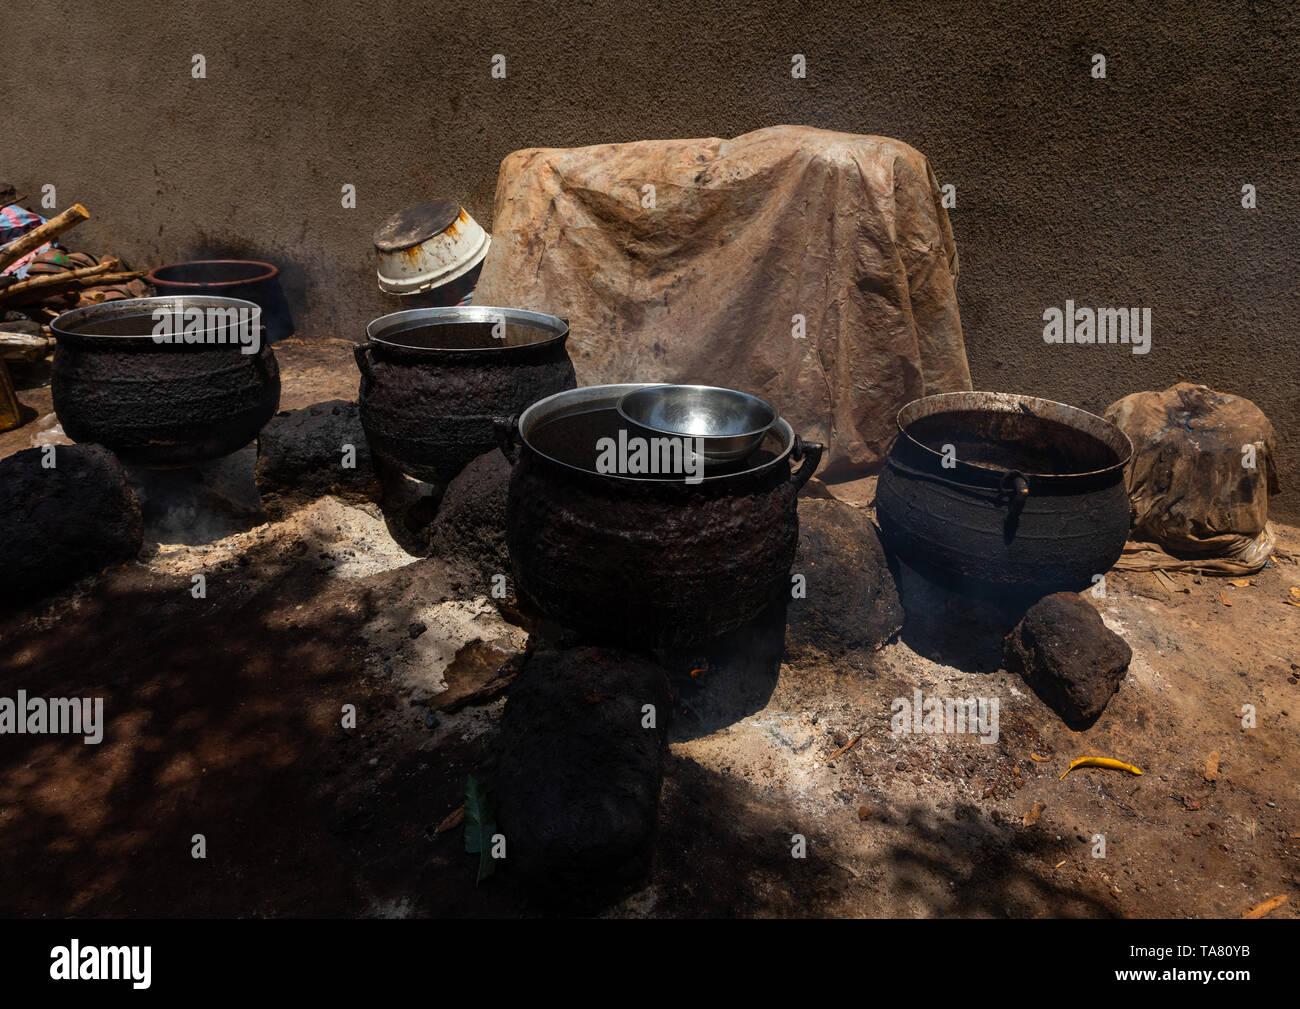 Shea butter or karite factory, Savanes district, Tcheregnimin, Ivory Coast - Stock Image
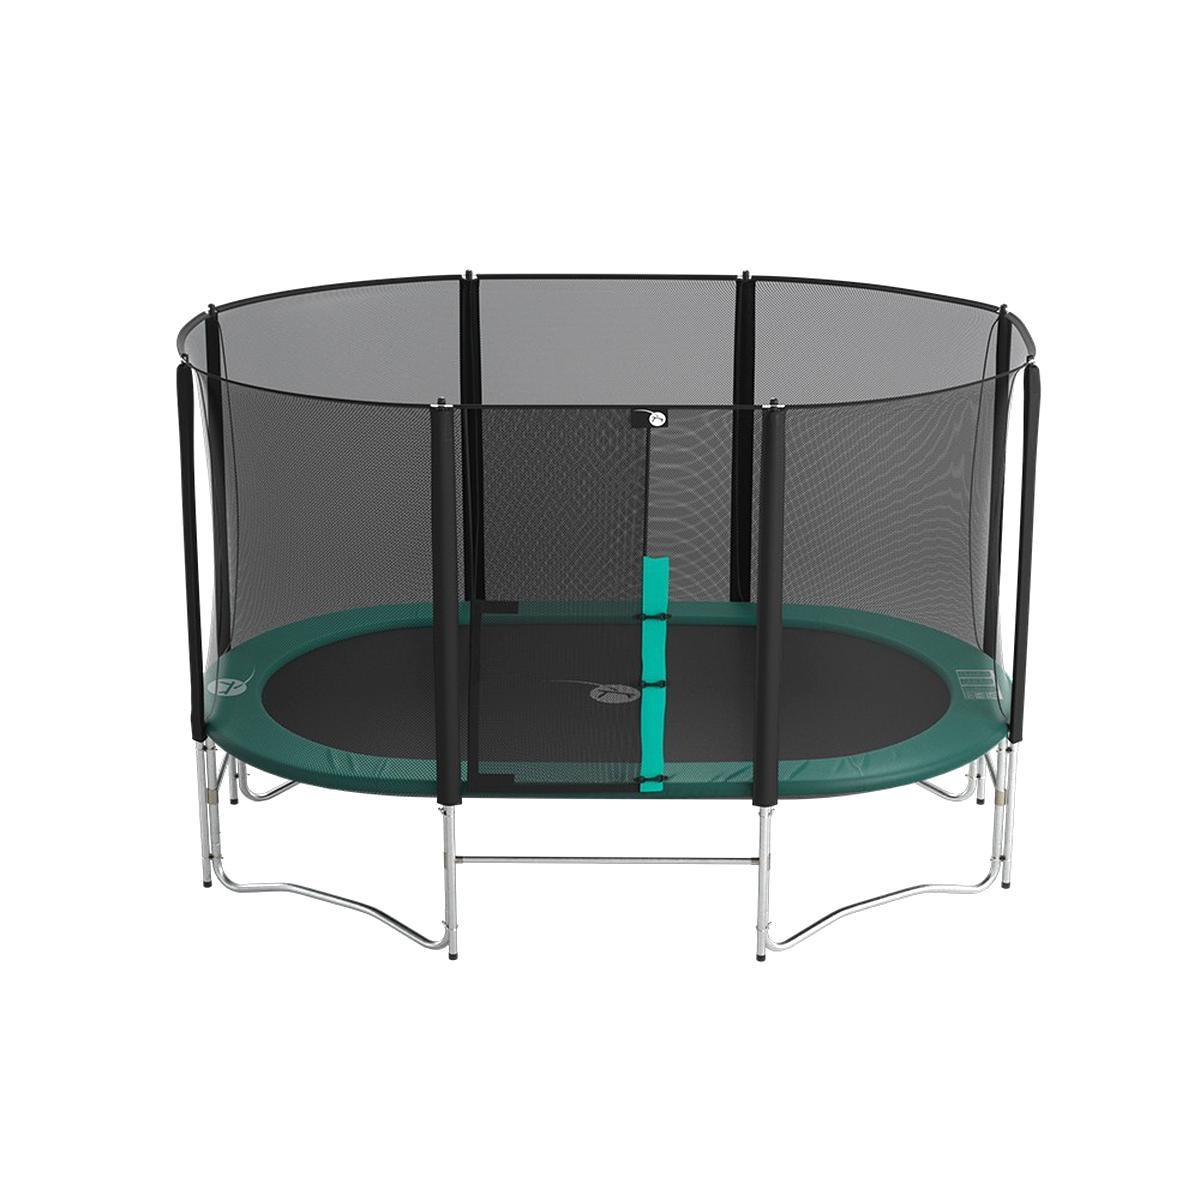 filet trampoline d'occasion
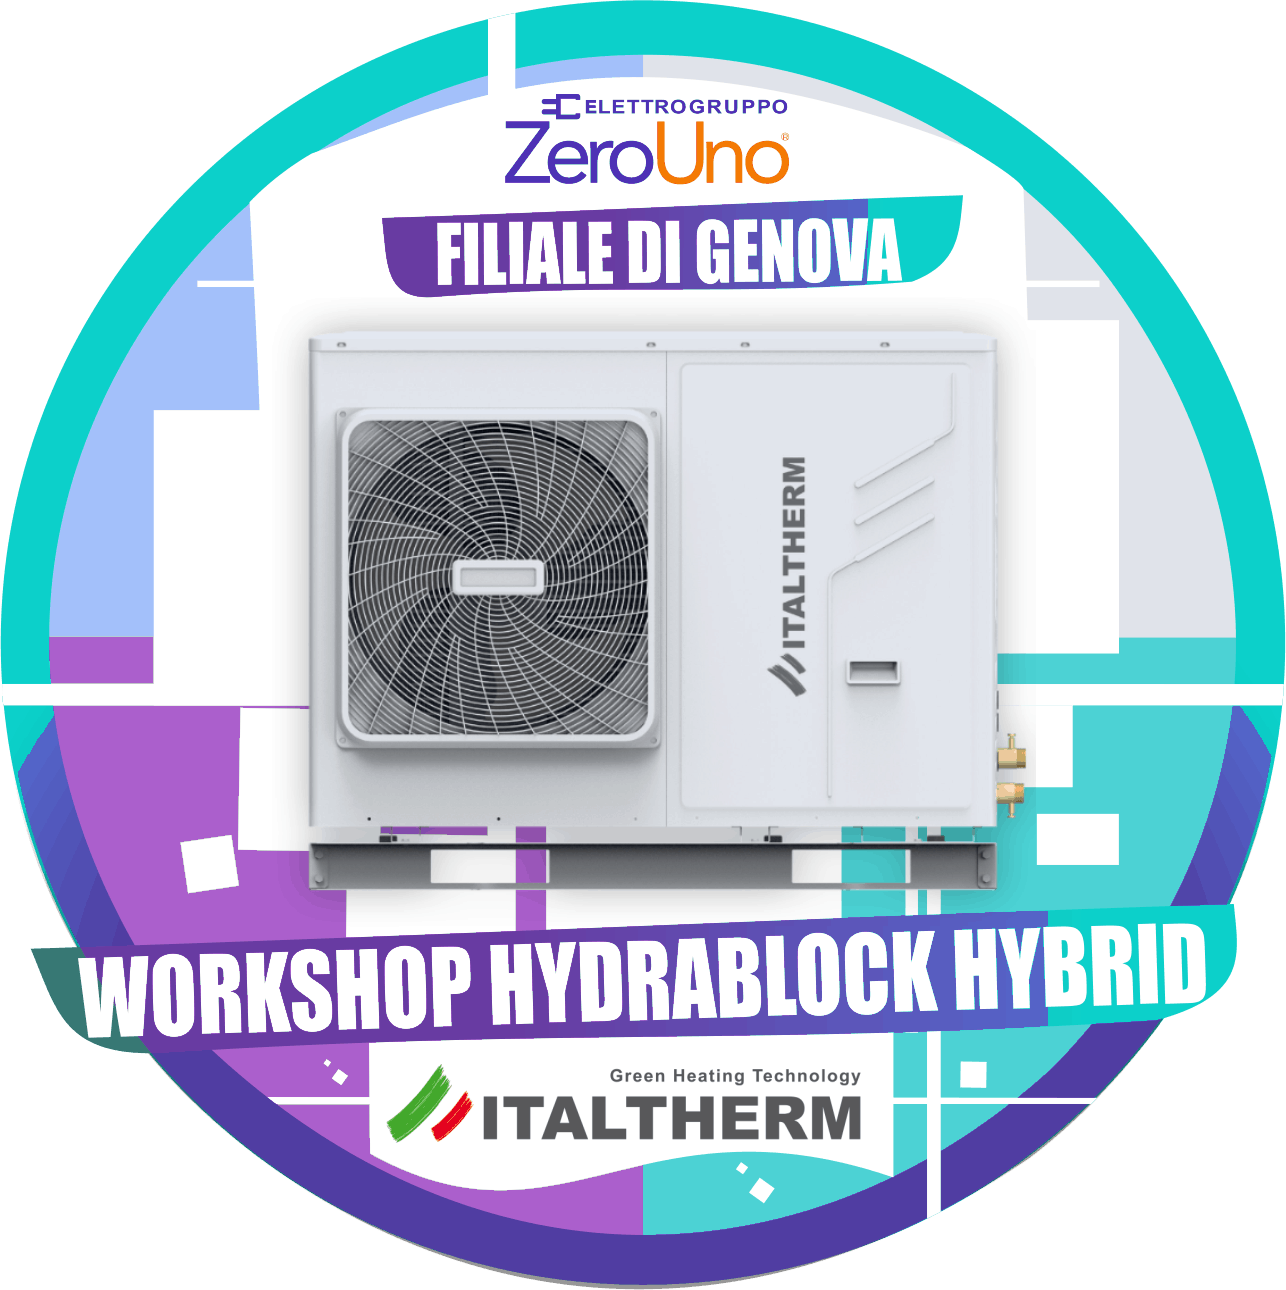 Workshop Italtherm 30 Luglio Genova   Elettrogruppo ZeroUno  To    IMMAGINE PRINCIPALE WORKSHOP GENOVA
=-=-=
:: WHAT TO PRODUCE ::
The copy has to start at the line that contains "filet trampoline d'occasion" and end at the last line of the material above, matching the original exactly and holding no pictures.

:: RESULT ::
 filet trampoline d'occasion
 Workshop Italtherm 30 Luglio Genova   Elettrogruppo ZeroUno  To    IMMAGINE PRINCIPALE WORKSHOP GENOVA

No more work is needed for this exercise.